Mir ist da ein Konstrukt mit einer Art Auftragswarteschlange vorgeschwebt. D.h. alle Request-Threads stellen ihre Leseanfragen und Schreibaufträge an eine zentrale Stelle und zumidest die Schreibaufträge müssen synchronisiert werden.
Naja, vielleicht ist das Ganze doch nicht so einfach, dann steige ich halt lieber auf die Datenbank um.
So eine Datenbank ist für viele Webanwendungen eigentlich zuviel des Guten, hab ich gehört und in diesem Fall ist das halt so. Ich hab die Wahl zwischen einer Datenbank mit ca. 15 Tabellen mit Vererbungsbeziehungen und was weiss ich nicht allem, wird ein recht umständliches Datenmodell. Oder ich nehme drei Dateien, zwei mal XML aus denen fast nur gelesen wird und einer csv in die fast nur geschrieben wird. Die Belastung durch die Datenbank auf technischer Seite interessiert mich nicht, die ist eh schon da und läuft, ich wollte es nur etwas vereinfachen.


----------



## nillehammer (25. Mai 2012)

minnime hat gesagt.:
			
		

> wird ein recht umständliches Datenmodell. Oder ich nehme drei Dateien, zwei mal XML aus denen fast nur gelesen wird und einer csv in die fast nur geschrieben wird. Die Belastung durch die Datenbank auf technischer Seite interessiert mich nicht, die ist eh schon da und läuft, ich wollte es nur etwas vereinfachen.

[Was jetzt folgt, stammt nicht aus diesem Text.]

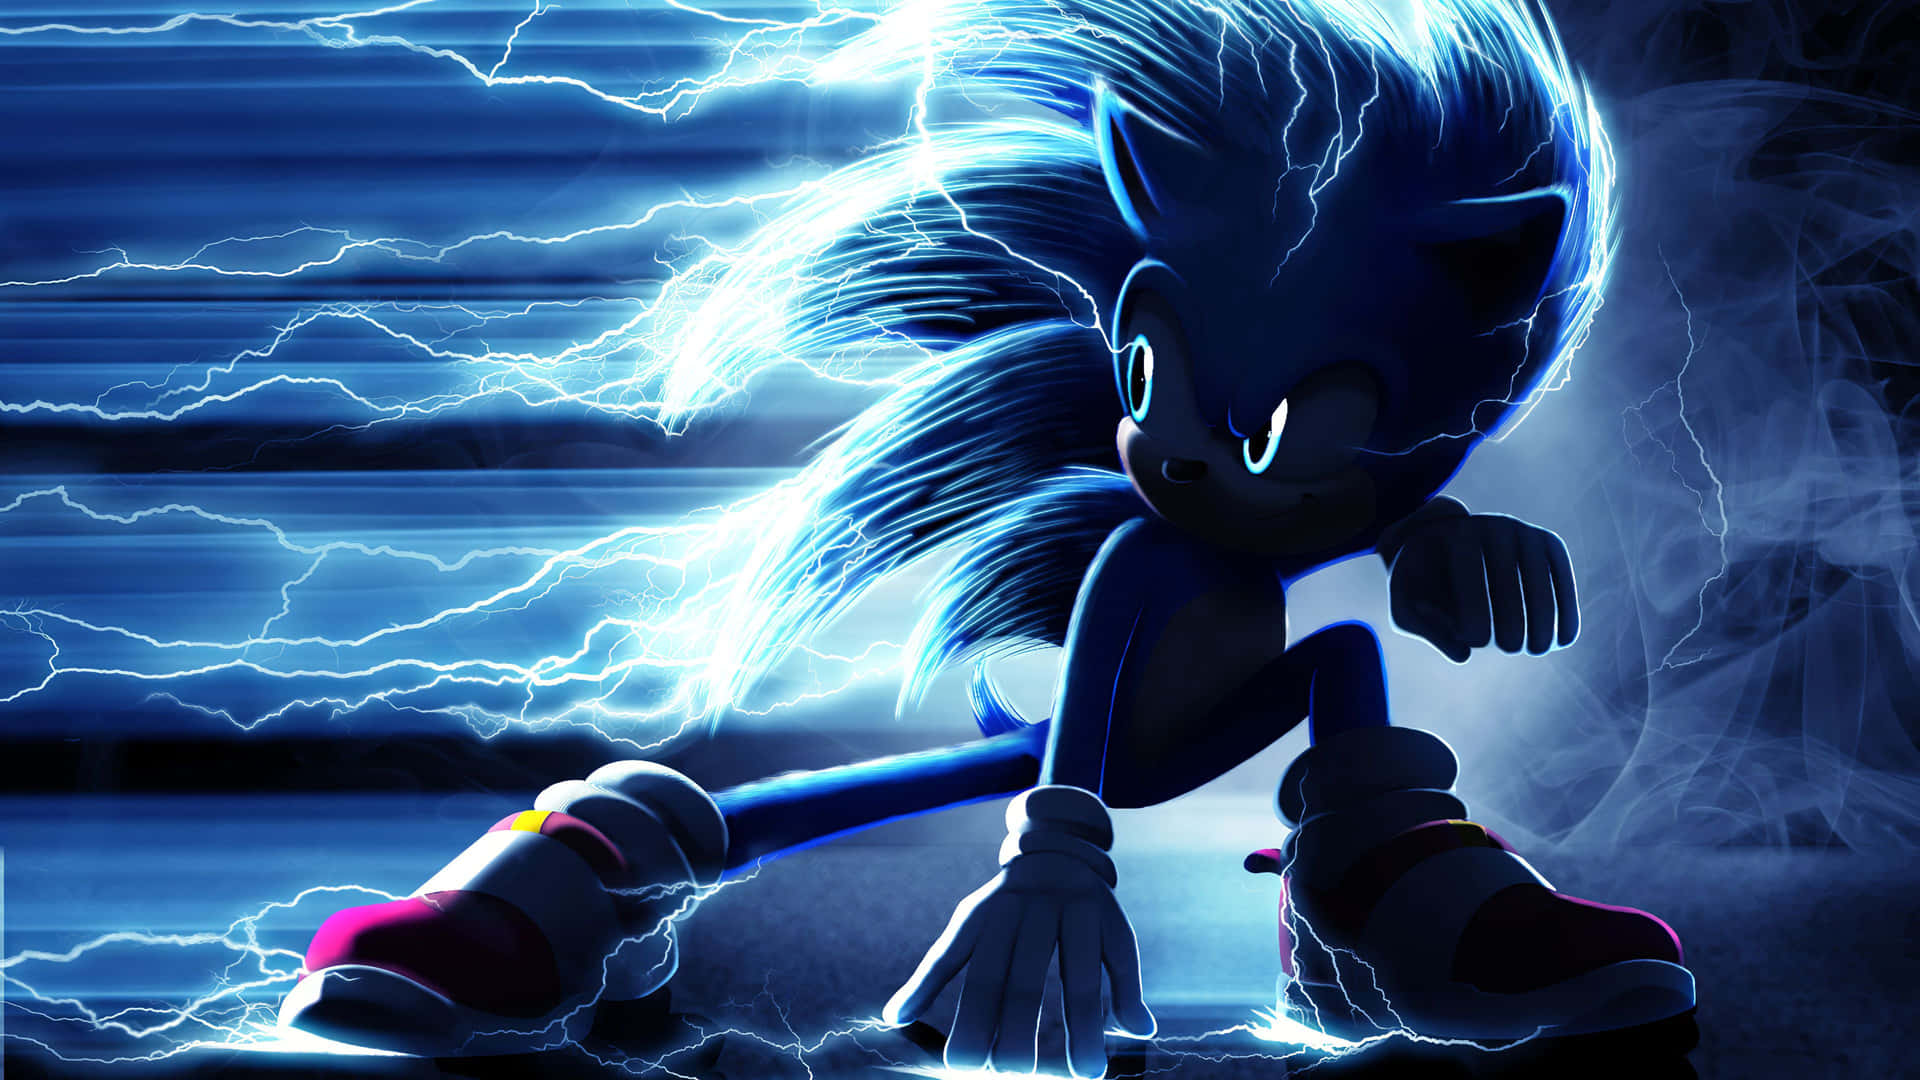 Take control of Sonic The Hedgehog and his super powers in 4K resolution Wallpaper

Das ist ein legitimer Gedankengang. Gerade bei stark baumartigen Datenstrukturen finde ich XML auch viel besser als Datenbanktabellen. Ich denke nur, dass es bei XML in Files am Ende so viele Probleme zu lösen gibt, dass sie die Vereinfachung der Datenstruktur überwiegen.

Du hattest ja im ersten Post nach APIs gefragt. Da fallen mir als Stichpunkte _Objektdatenbanken_ und _Dokument/XML-Datenbanken_ ein. Bei ersteren werden direkt die Java-Objekte gespeichert. DB4O ist da wohl die bekannteste. Bei zweiteren wird genau das gespeichert, über das Du hier nachdenkst, XML-Dokumente. Ich habe mir beides mal angeschaut, bin dann aber wieder zur relationalen Datenbank gekommen. Grund war eigentlich nur meine Faulheit, mich in eine neue API einzuarbeiten. Relationale DBs sind eben meist schon da, man selbst (und andere Entwickler auch) kennt die API usw.


----------



## minnime (25. Mai 2012)

Die Idee mit den anderen Datenbanktypen ist gut, geht aber nicht weil ich am Server keine andere Software installieren darf und auch nicht will. Entweder ich nehme die vorhandene Oracle-Datenbank oder Dateien. Die Alternative ist, die Datenbank als Dateisystem zu missbrauchen, was ich aber unschön finde. Oder es wird eine hybride Lösung indem die hierarchischen Daten, die den Inhalt der Anwendung beschreiben als XML in der Datenbank ablege, was ja direkt möglich ist und die von der Anwendung kommenden Daten werden klassisch relational gespeichert.

Auf jeden Fall danke ich danke danke für die Antworten.


----------